Comment 3 Mark Murphy 2016-11-02 11:37:00 UTC
Can you attach the document in question? I want to see what Word does, though that might be a different situation as Word could assign an ID and allow a user to interactively assign the style to an element in the document. 
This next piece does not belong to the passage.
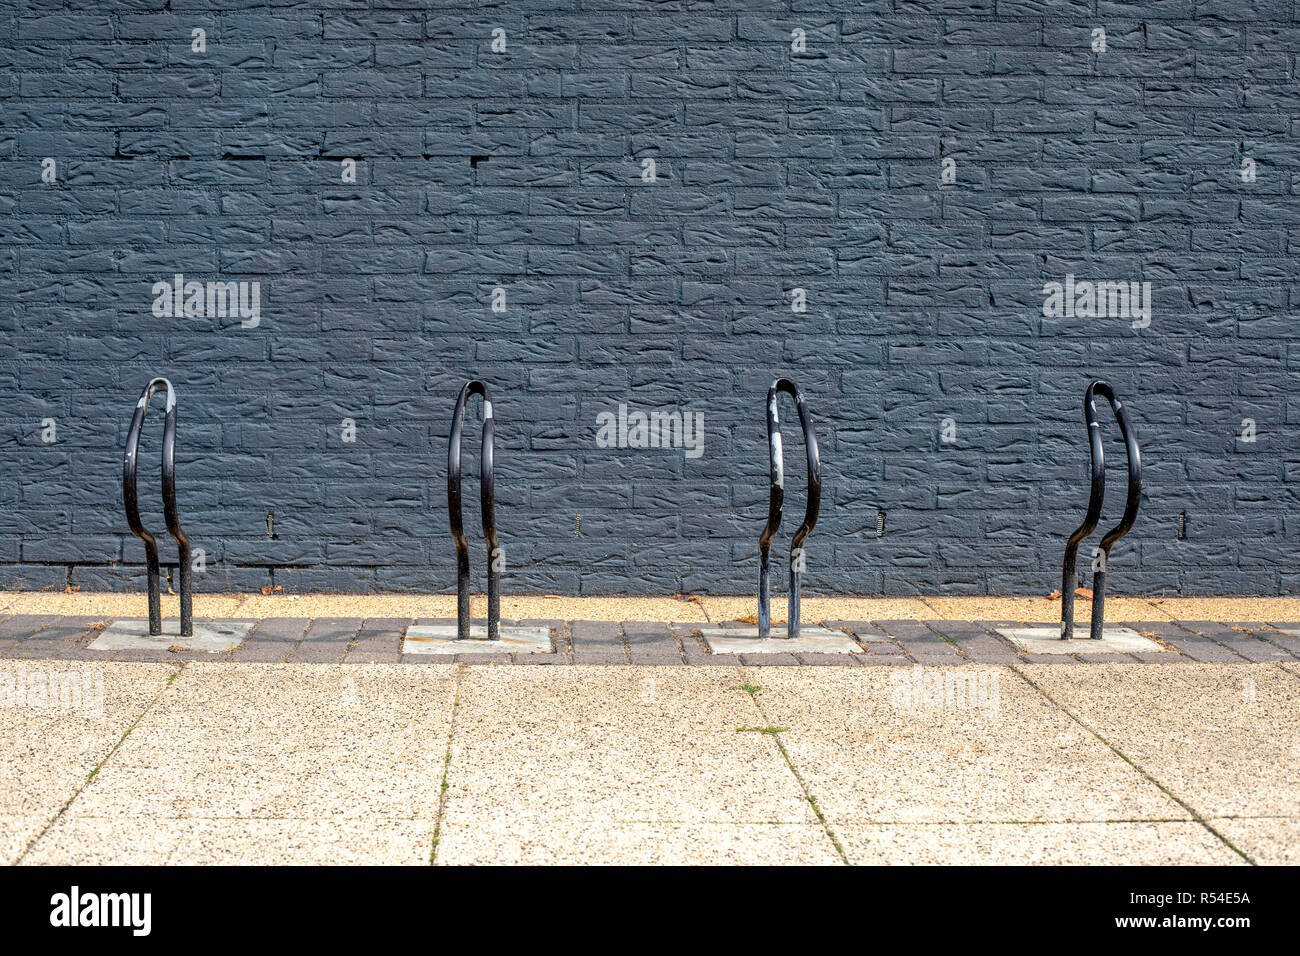 Very simple bike, bicycle racks, painted black in front of a black brick wall. Stock Photo

The applicable use cases in POI would be to read a document, update it, and save it. Do we have (or want) a facility in POI to reference a style by some means other than its ID. If so, we should go ahead and generate a new ID. I suggest something like a negative 10 digit number. The spec also indicates that if a document has two styles with the same ID, the first one is to be used. For our case I think we should check for duplicate style ID's on load, and mangle duplicates by appending a sequential integer (in parenthesis) to duplicates unless the duplicate was caused by an auto-generated id. In that case the auto-generated id should be re-generated.
Comment 4 Tim Allison 2016-11-02 12:58:30 UTC
Created attachment 34414 [details]
File provided by Seva Alekseyev on TIKA-2152
Comment 5 Tim Allison 2016-11-02 13:01:12 UTC
>Seems to me that style ID is not optional because it is used to refer to the style from elsewhere in the document

I agree with this point.  However, from a spec standpoint it appears to be "optional" or am I misreading?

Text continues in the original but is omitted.